Computing Maximum Cliques in Parallel

Topic Overview

In an undirected graph, a clique is a subgraph which is complete, that is, every vertex in the subgraph is connected to every other vertex. A maximum clique is the largest clique in the entire graph. Maximum cliques are widely used to analyse graphs in fields such as bioinformatics, food webs, communication networks and even chemistry. This is generally done by finding all the maximal cliques in graph. A maximal clique in is a clique which can no longer be augmented by adding another neighbouring vertex, that is, it isn’t a subset of a larger clique. Our goal is to find the maximum clique of a graph in reasonable time using parallel computing.

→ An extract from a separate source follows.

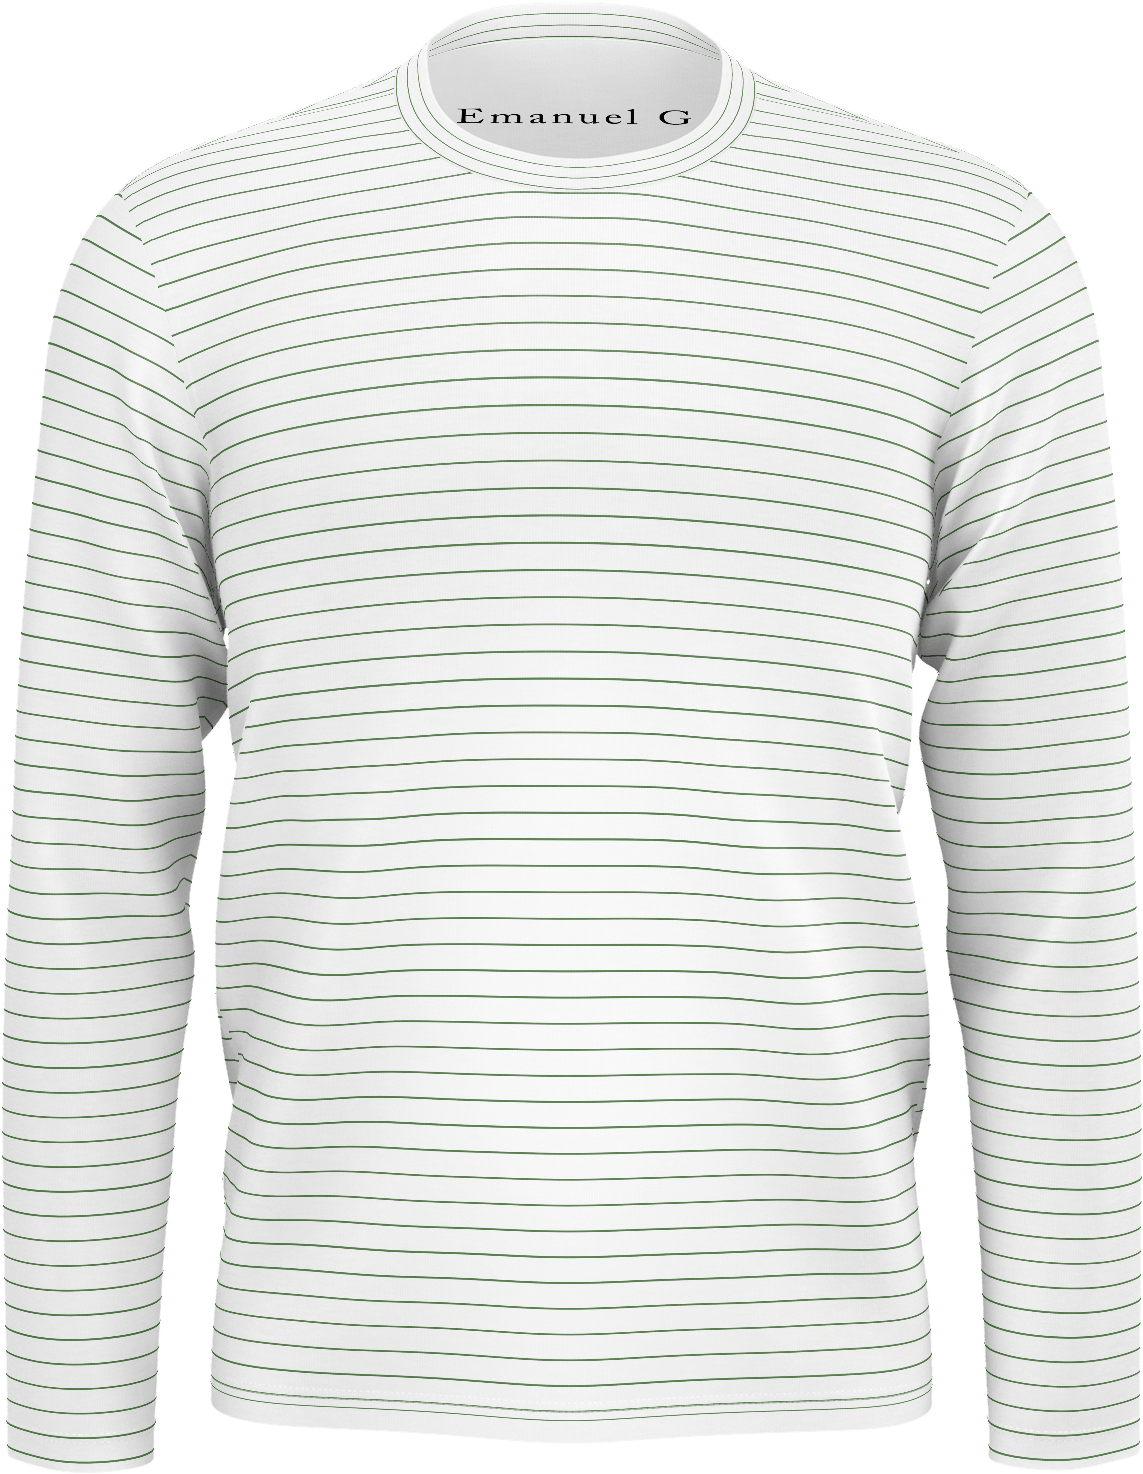 Striped Long Sleeve Shirt Mockup

Description of the Computational Problem Solved

Cliques are a subset of vertices present in an undirected graph such that each vertex is directly connected to all the other vertices in the set, thereby making it a complete graph.

Source - wikipedia.org/wiki/Clique_(graph_theory)

In the above figure, there are several cliques present, but the light blue polygons are all maximal cliques and the dark blue polygons are maximum cliques. Maximal clique are cliques which cannot be extended by including another adjacent vertex of the graph in the set. Some authors define cliques to be maximal by definition. Maximal cliques should not be confused with maximum cliques. A Maximum clique is a clique in a graph such that there cannot be no clique with more vertices in it. This is also called the clique number of a graph. A maximum clique is always maximal, the converse is not always true.

In the figure given above the vertices on the left form a maximal clique while on the right form maximum clique in the example. Finding maximum clique in graphs is a known NP complete problem. Finding maximum cliques can give important insights in the graph and could be very useful. Clique problem has been in the graph theory domain for years now and there are several algorithms to find the maximum clique in the graphs. Although, due to the computational complexity it is impossible to run a sequential algorithm on a large dataset and expect a reasonable runtime. We tried to reduce the total runtime to compute the maximum clique in a graph with parallel computing. Bron-Kerbosch was modified to run in parallel and solve the problem to find the maximum clique in parallel.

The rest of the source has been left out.